## DATASET SECTION
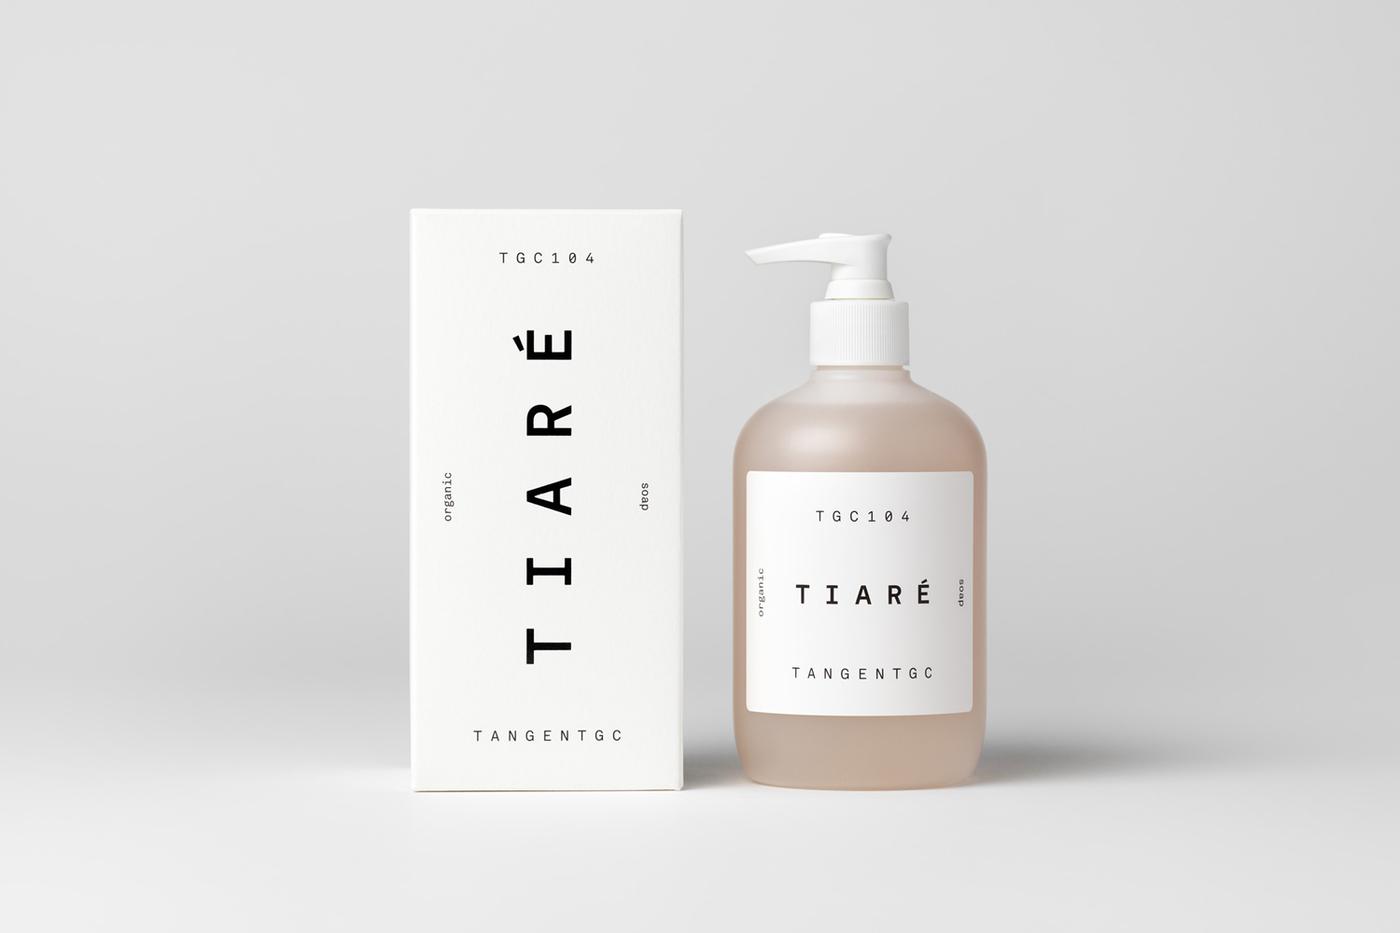 01-Tangent-GC-Soap-Packaging-Carl-Nas-Associates-London-UK-BPO.jpeg
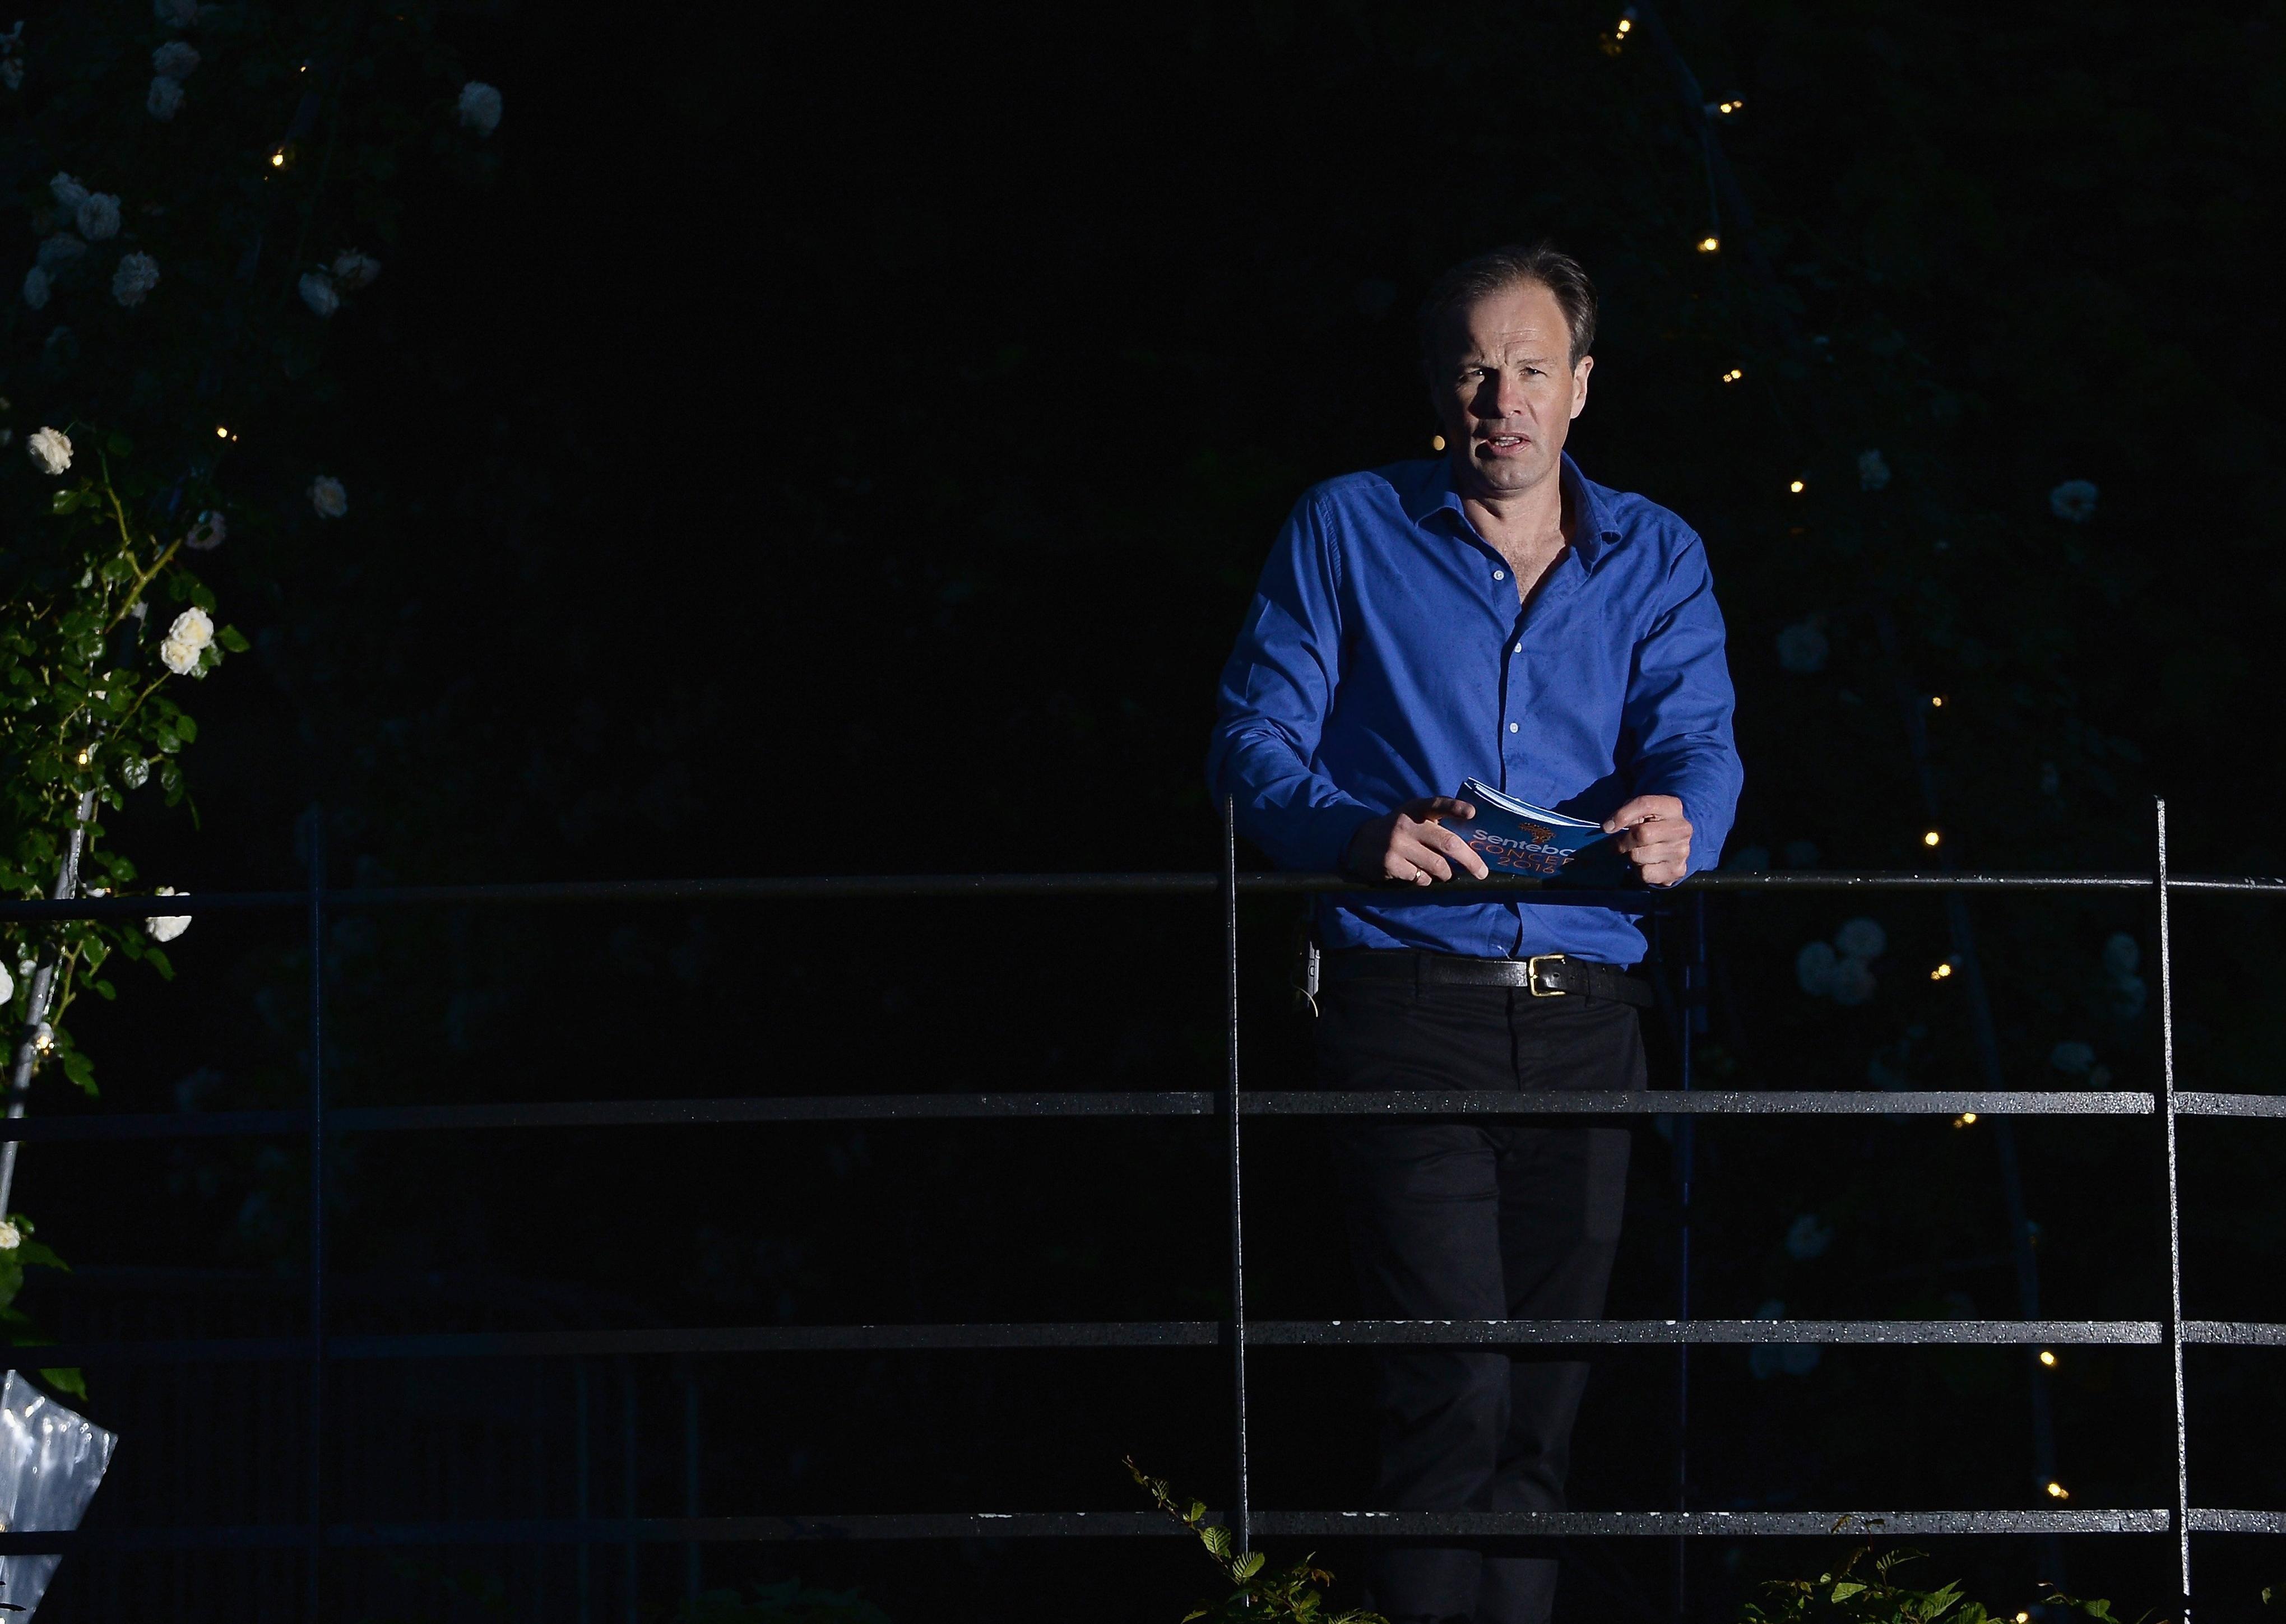 How ITV news anchor Tom Bradby's 'massive meltdown' changed his outlook on life
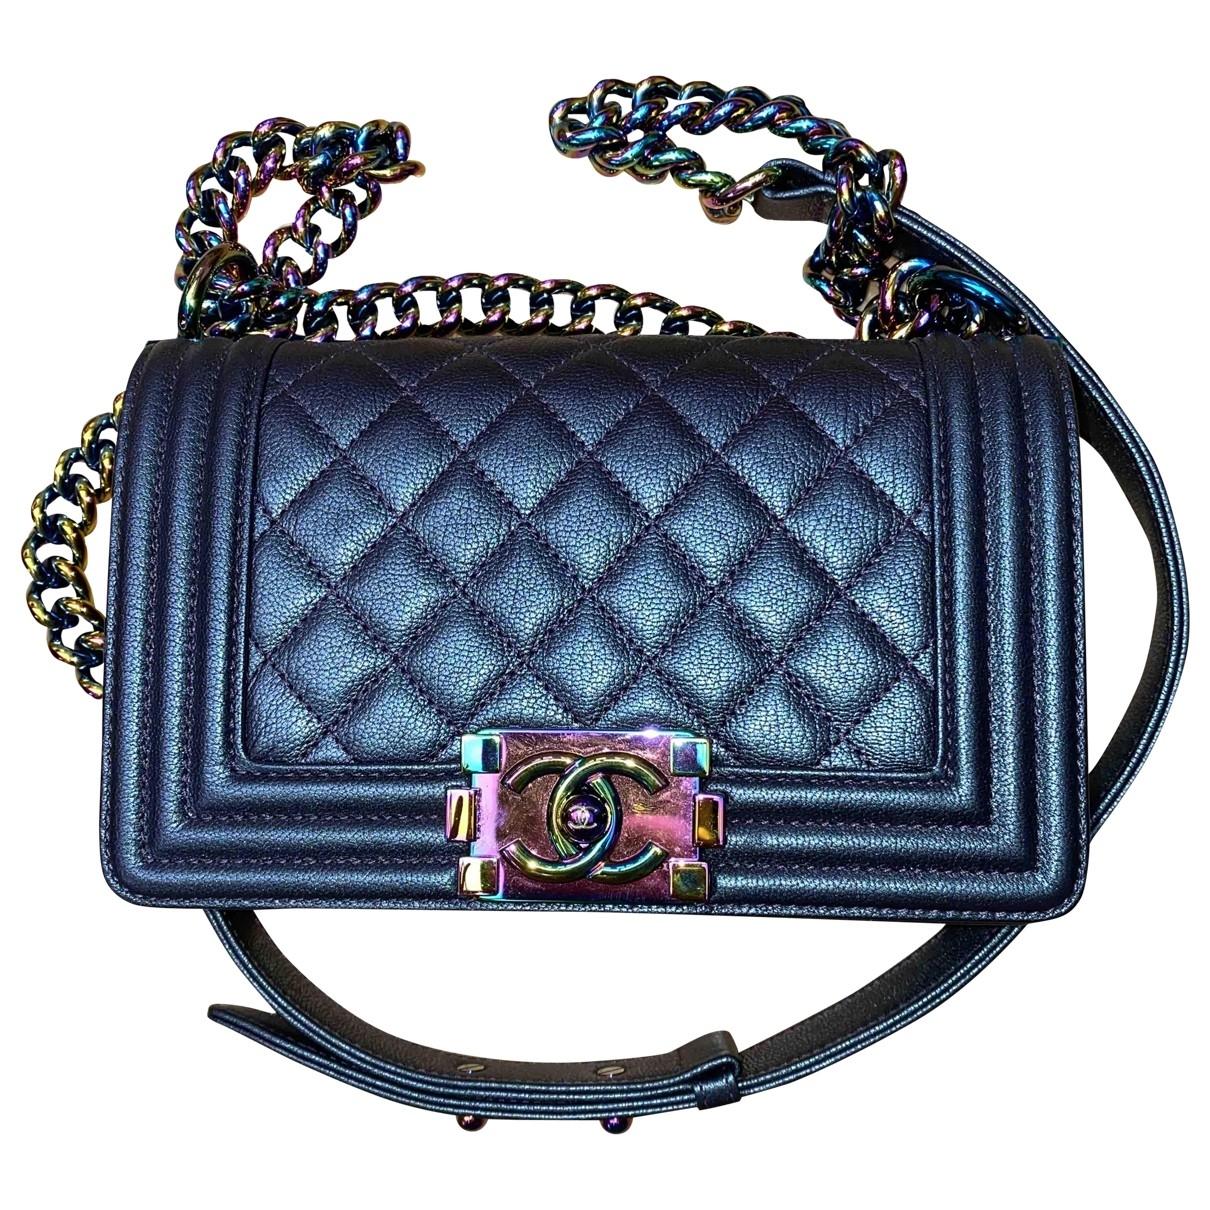 Chanel - Sac a main Boy pour femme en cuir - metallise

## PROMPT
The range to transcribe runs from the line holding "How ITV news" through the final line of the data above; copy it exactly and exclude the pictures.

## SOLVED EXERCISE
 How ITV news anchor Tom Bradby's 'massive meltdown' changed his outlook on life
 Chanel - Sac a main Boy pour femme en cuir - metallise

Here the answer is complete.